L’histoire du contrôle interne offre une succession de définitions du concept (Sous-section 1). Au fil du temps, ont été établis plusieurs principes fondamentaux (Sous-section 2), qui aident le contrôle des risques à se positionner dans son environnement organisationnel (Sous- section 3).

Sous-section 2.1.1 - Définitions et éléments constitutifs

Le contrôle interne est un concept d’origine comptable. Lorsque Mikol (1998) établit la liste de ses définitions successives, il remonte à l’ouvrage de Fain et Faure, La révision comptable (1948), qui fixe l’objet premier de ce type de vérification : la lutte contre la fraude. Des mutations successives ont transformé le contrôle interne en gestion des risques. De même, les

méthodologies de Business Risk Audit (BRA) ont opéré une réingénierie de l’audit traditionnel (Knechel, 2007), même si elles ont été présentées comme des innovations majeures à la fin des années quatre-vingt-dix (Curtis et Turley, 2007).
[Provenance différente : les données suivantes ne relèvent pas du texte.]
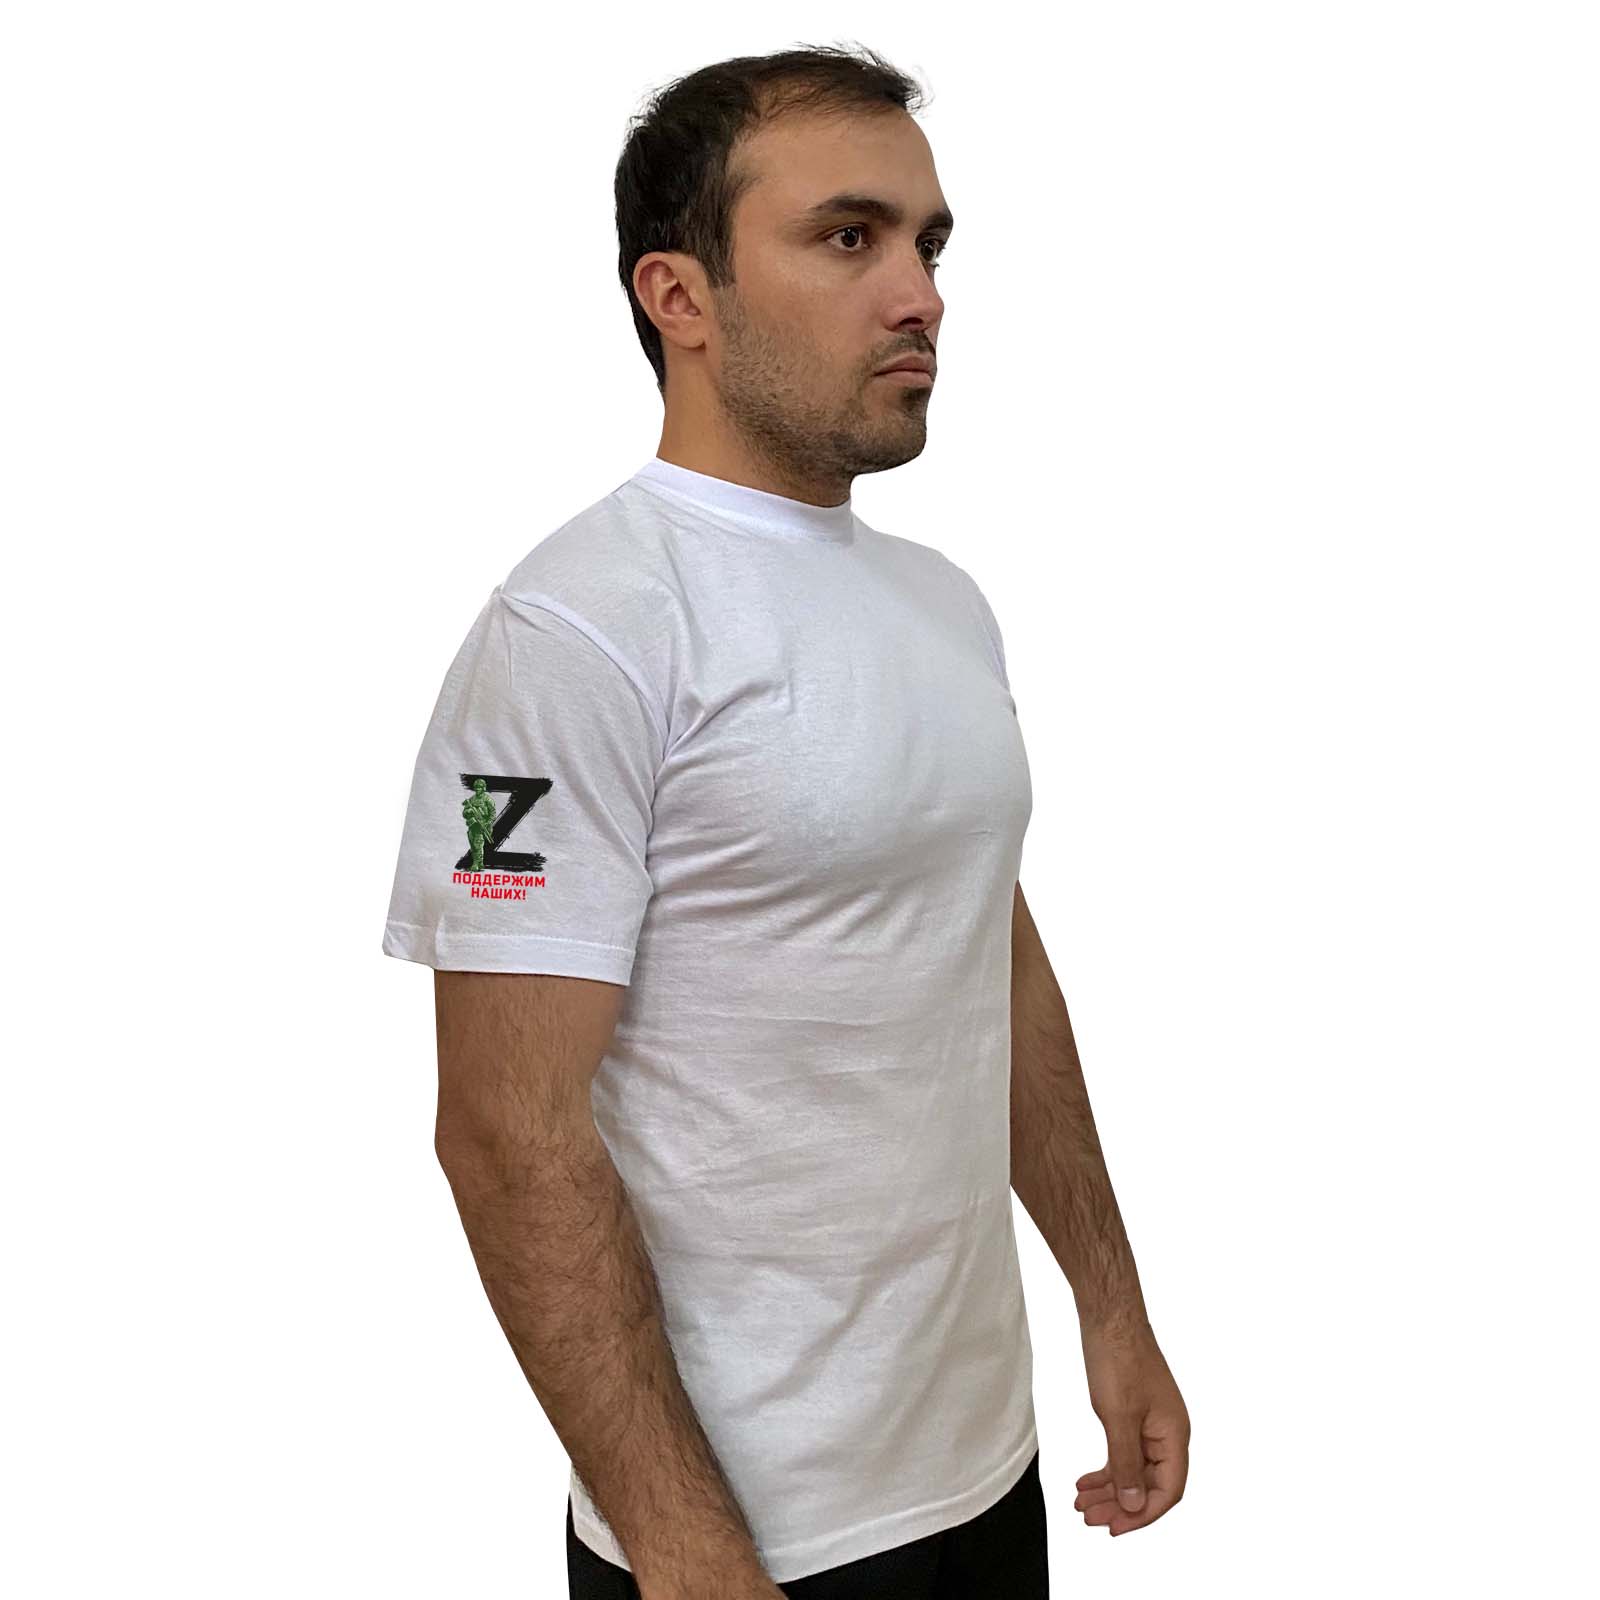 Белая футболка Z с авторским трансфером на рукаве

Avec le recul, il s’agissait davantage d’une évolution que d’une révolution, voire d’une évolution régressive (Flint, Fraser et Hatherly, 2008). Pour autant, l’ambition initiale était bien d’adopter une approche par les risques pour transformer la technologie de l’audit (Robson, Humphrey, Khlaifa et Jones, 2007).

Comme le souligne Musy (2007), le contrôle interne constitue une transposition discutable de l’anglais internal control. Le contrôle, dans son acception française, induit en effet des notions de vérification ou de domination. En anglais, en revanche, le terme control implique plutôt la maîtrise ou la bonne gestion d’une activité. La nuance pourrait conduire à remplacer « contrôle interne » par « maîtrise des activités ». Pour autant, la traduction la plus naturelle et la plus courante, que nous conserverons, est bien celle de contrôle interne.

Depuis l’ouvrage de Fain et Faure jusqu’au premier référentiel COSO, six définitions du contrôle interne se sont succédé :

Tableau 8 - Chronologie des définitions du contrôle interne (d’après Mikol, 1998) Date Source Définition proposée

1948

Fain et Faure

(La révision comptable, 1948,

p. 33)

« Le contrôle interne consiste en une organisation rationnelle de la comptabilité et du service comptable, visant à prévenir ou, tout au moins, à découvrir sans retard les erreurs ou les fraudes. »

1977

Ordre français des experts-comptables,

(Le contrôle interne

1977, p. 8)

« Le contrôle interne est l’ensemble des sécurités contribuant à la maîtrise de l’entreprise. Il a pour but, d’un côté, d’assurer la protection, la sauvegarde du patrimoine et la qualité de l’information, de l’autre, l’application des instructions de la direction et de favoriser l’amélioration des performances. Il se manifeste par l’organisation, les méthodes et procédures de chacune des activités de l’entreprise pour maintenir la pérennité de celle-ci. »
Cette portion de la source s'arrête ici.